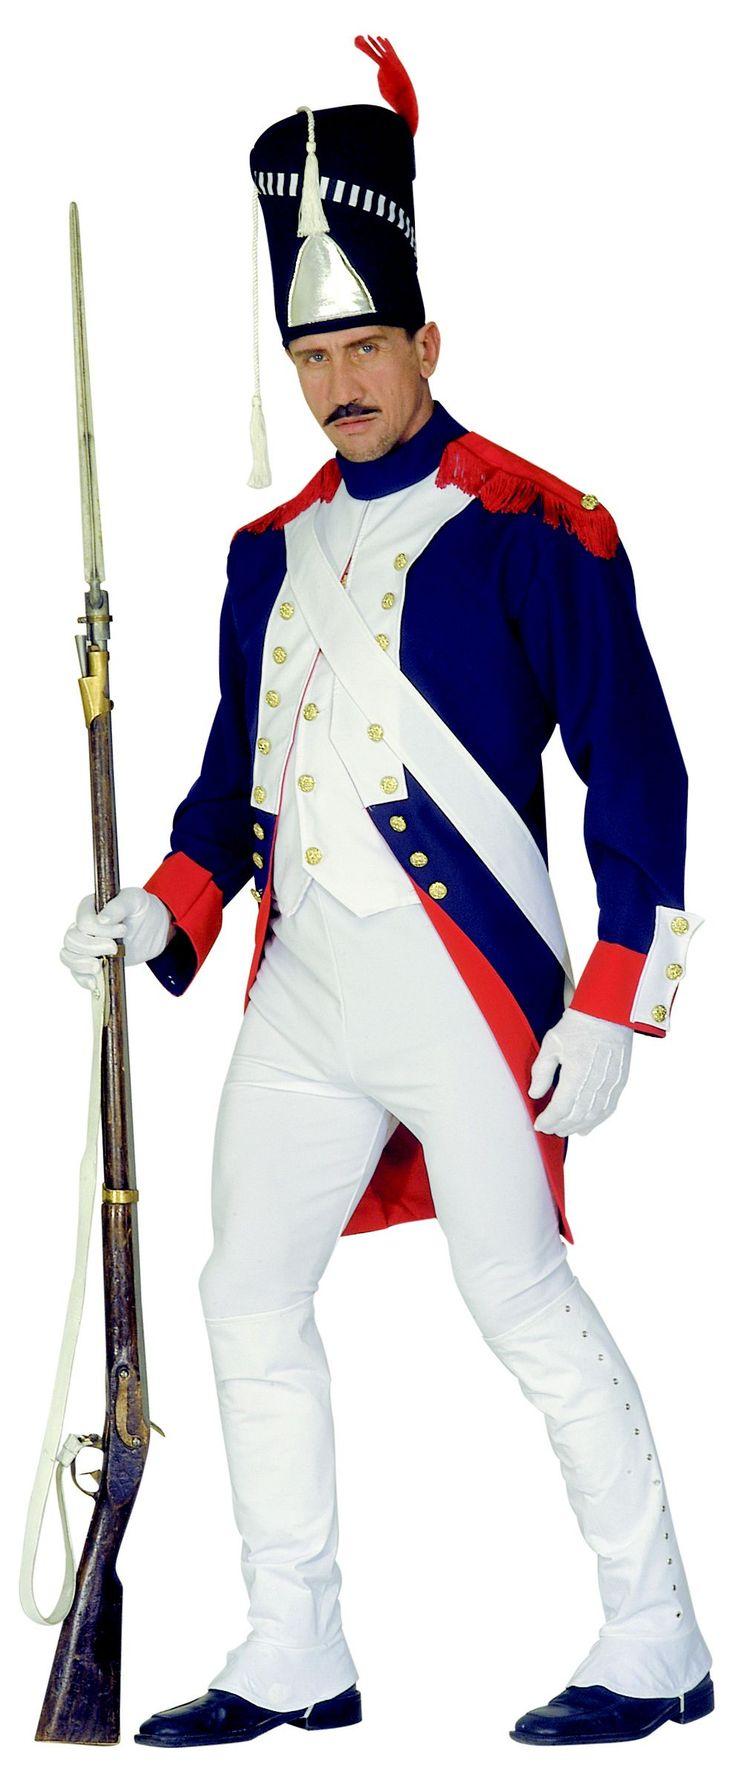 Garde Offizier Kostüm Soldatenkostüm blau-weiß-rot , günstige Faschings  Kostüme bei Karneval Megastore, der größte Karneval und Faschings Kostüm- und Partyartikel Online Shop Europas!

--

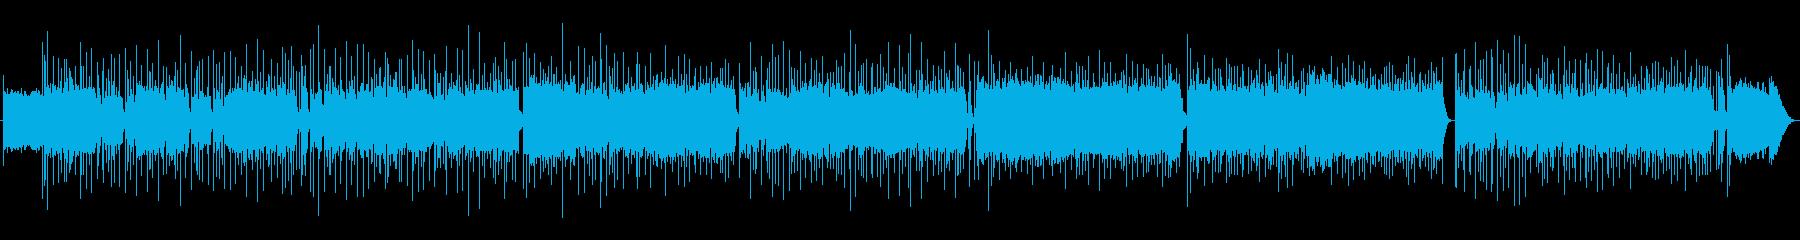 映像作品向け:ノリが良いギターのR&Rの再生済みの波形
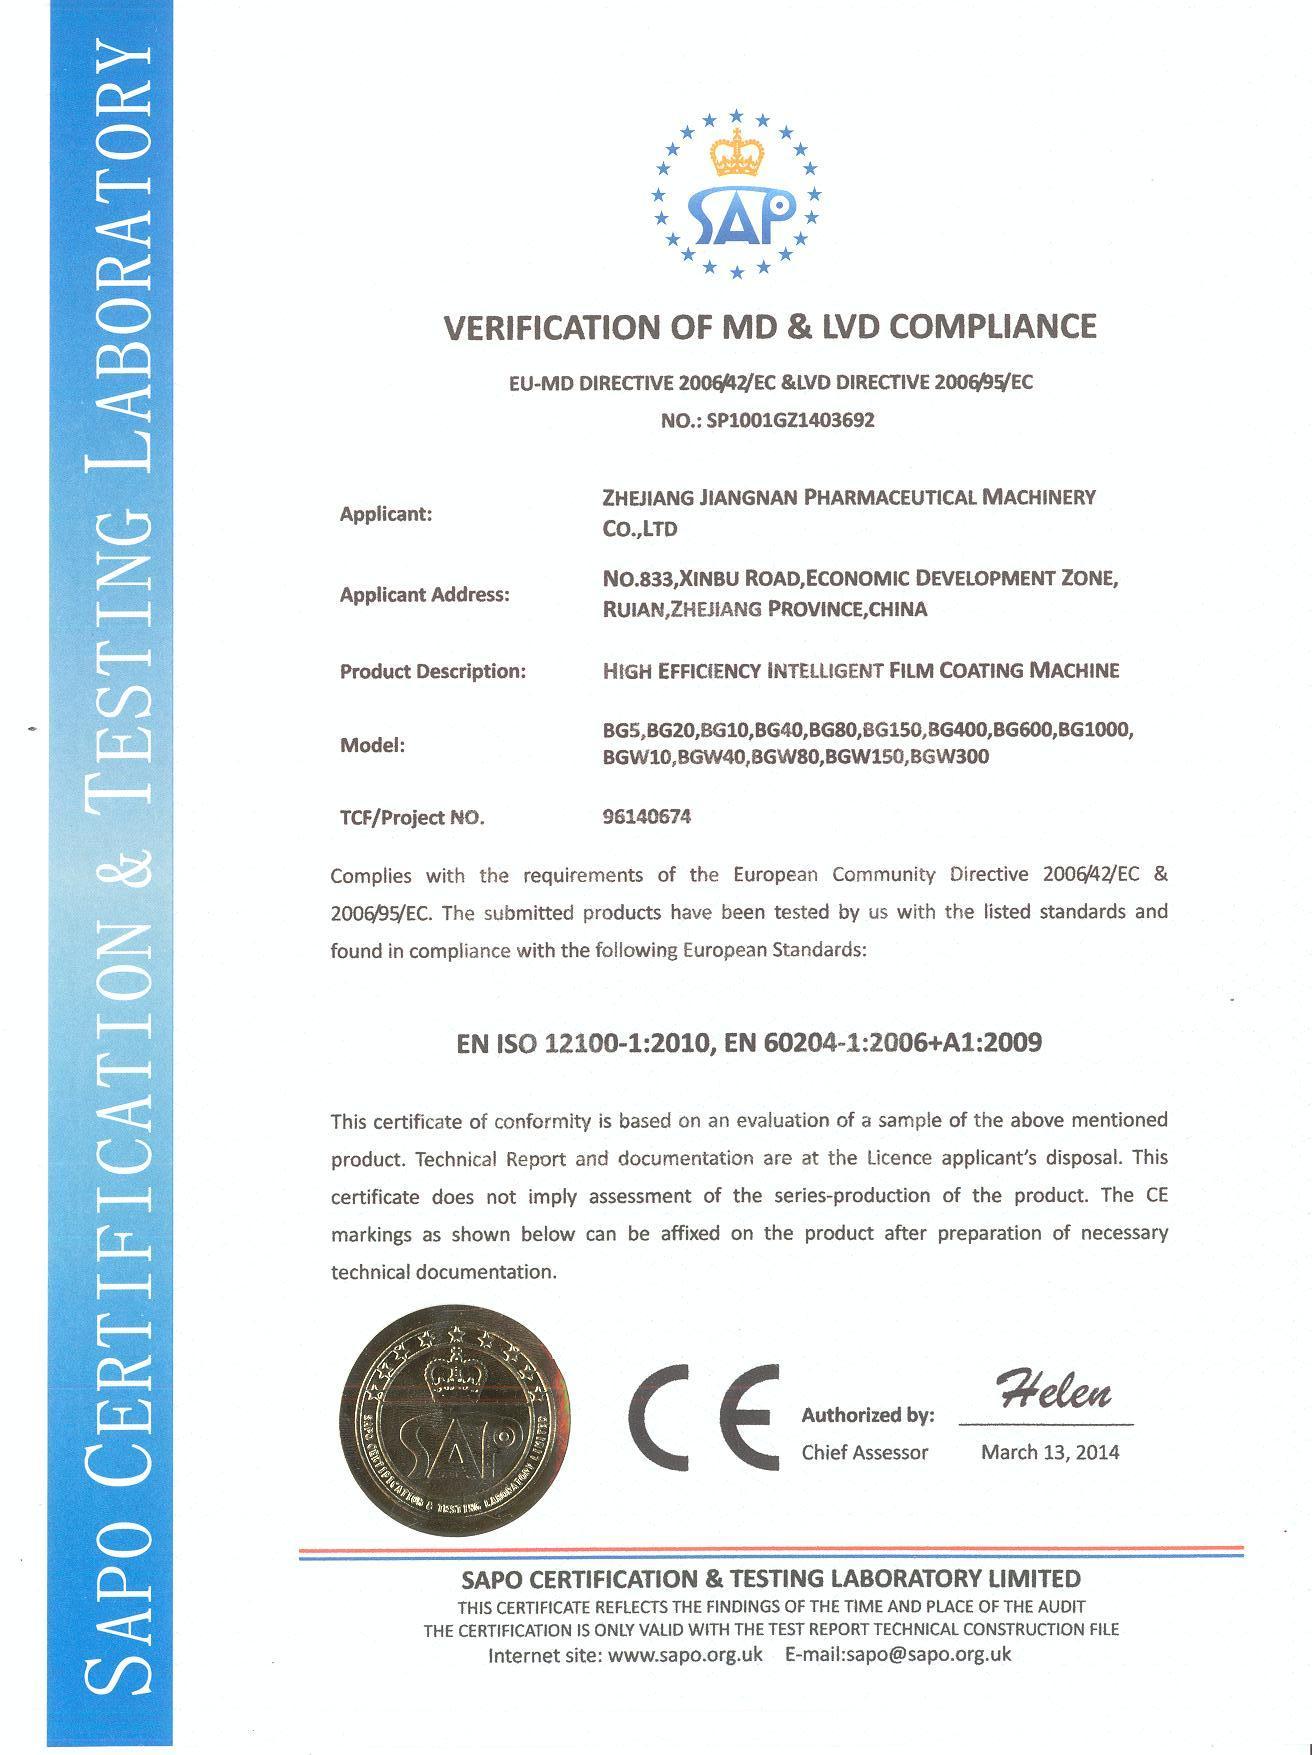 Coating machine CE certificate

==

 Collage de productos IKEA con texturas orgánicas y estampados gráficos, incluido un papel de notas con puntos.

EXERCISE DIRECTIONS
In the records above, find the line containing "映像作品向け:ノリが良いギターのR&Rの再生済みの波形" and the line containing "Coating machine CE certificate", then give both of them again word for word along with every line between. Omit any pictures.

YOUR RESPONSE
 映像作品向け:ノリが良いギターのR&Rの再生済みの波形
 Coating machine CE certificate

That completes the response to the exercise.